Thank you all for your replies...
ieee488 - I have a project on which I have some controllable LED Strips... Previously, I had created a few lines of arrays with the different colors (the list that I showed in my example). I have a few assemblies of these and wanted each one to light in a different color. Instead of re-writing all of my code for each one, I used the same code for each one, which included all the color arrays and just manually changed the one line in the Fastled section for the color I wanted before uploading to the board.
eg. CRGB(red[0],red[1],red[2]) for the first unit, CRGB(blue[0],blue[1],blue[3]) for the second and so on.
I decided to "upgrade" my project, adding a color-change button to each unit. In my example above, I used a for-loop to demonstrate cycling through the elements from the palette array, but in practice, I have it so every time you press the button, it advances the "palette array" by one to select the color. - I just figured the "for loop" would be less to type in the forum.
Essentially, I was asking the question about putting the "arrays of colors" inside the "palette array" out of curiosity. Originally I figured I could just re-use my existing code by storing the existing color arrays inside of the palette array but saw that it didn't work. I know I've nested arrays like this in other languages (whether or not it is a waste of resources is debatable, of course) but when I couldn't get it to work here, I wondered if it was something I was doing wrong, or just something that couldn't be done.
arduarn - Thank you for the information on structs and pointers... I am familiar with the concept of pointers, but have only used them in one other project. I was under the impression that the use of pointers is for saving resources - It didn't occur to me to even try them.
Same for structs.

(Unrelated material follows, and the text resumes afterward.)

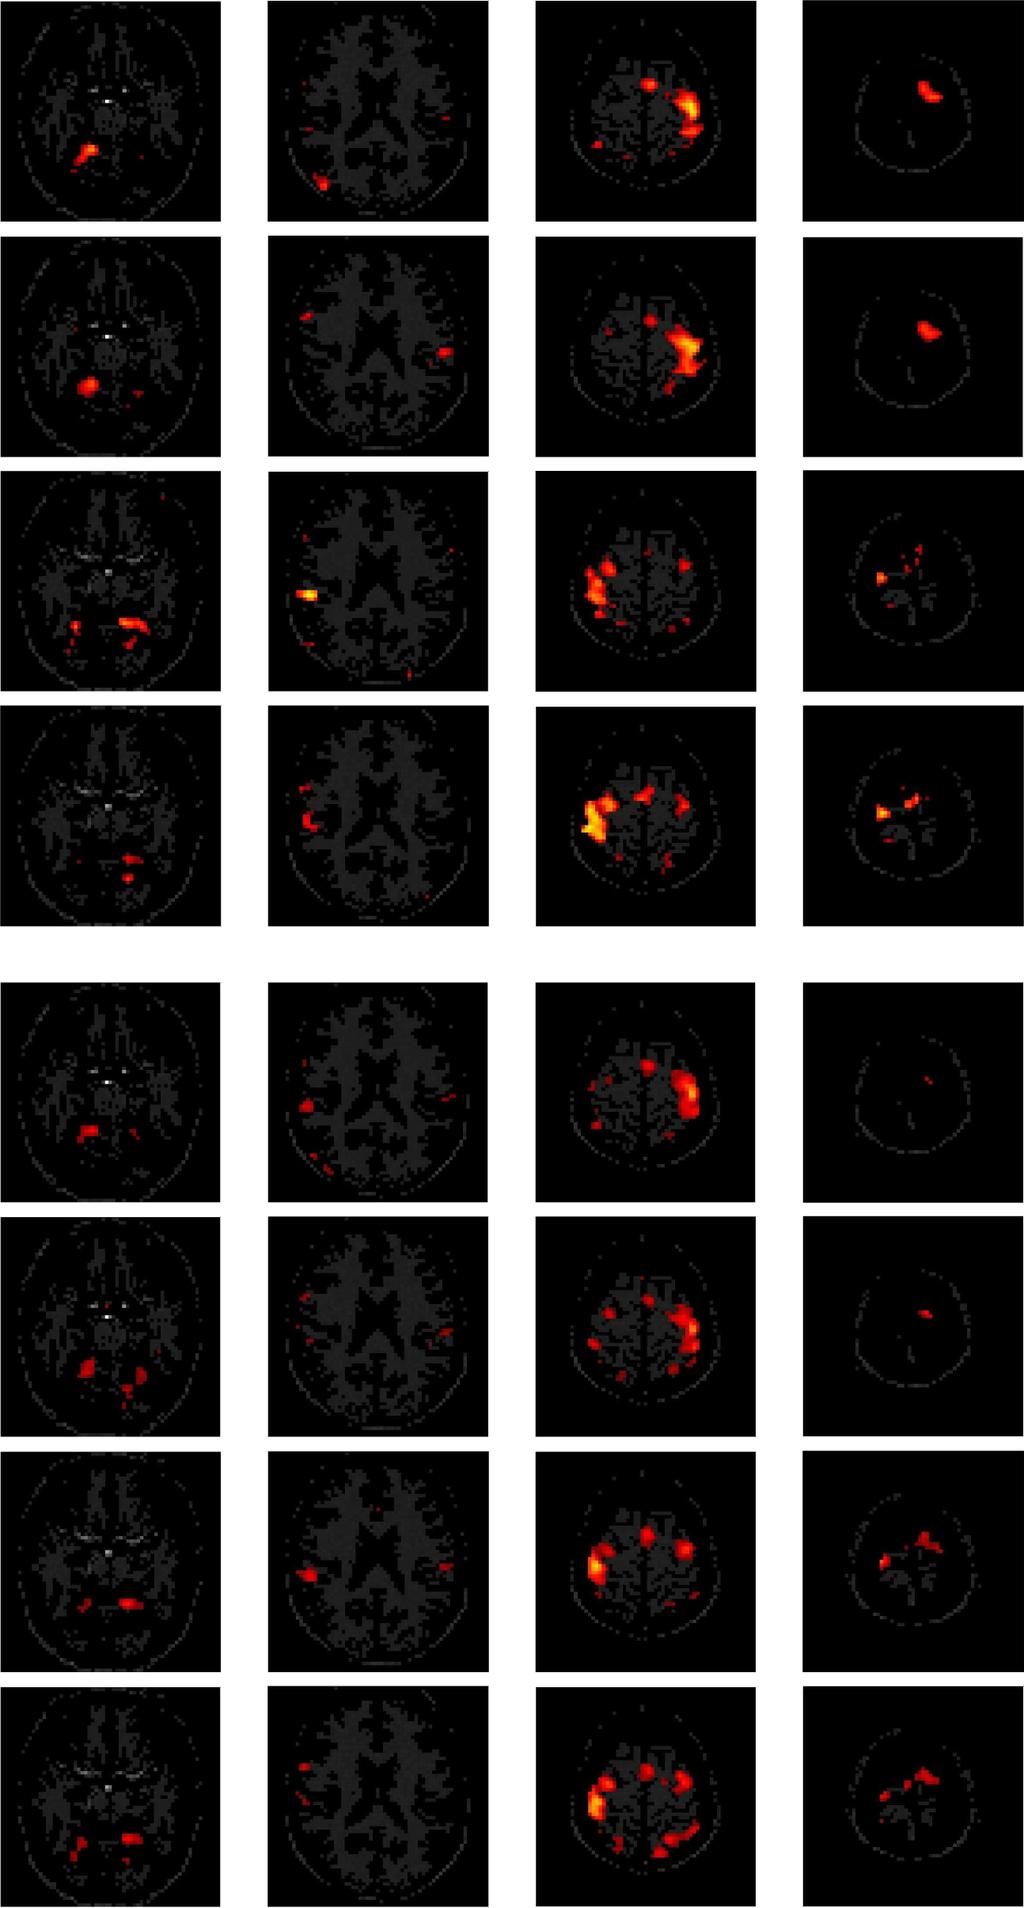 Figure 6 Brain regions activated by the four finger movements detected by two methods Panel (I): Adaptive SPM, EG right-hand (first row), IG right-hand (second row), EG left-hand (third row) and IG

I am (clearly) not that advanced of a programmer, so though I know what a Structure is, I didn't know what would make it different from an Array in the sense of how it would behave differently than an array.
Just so I understand (or perhaps to point out that I don't :-)) - you are saying that had I used STRUCTS instead of Arrays to define my colors, the structs can be stored in another array? (Or pointed to as you show?)
I am not entirely sure why the Struct behaves differently than an Array (with respect to being nested inside of another array) but I am reading about it now - looks like it has to do with how Arrays are pointers to the beginning of memory locations and Structs are clearly defined memory locations. (am I on the right track here?)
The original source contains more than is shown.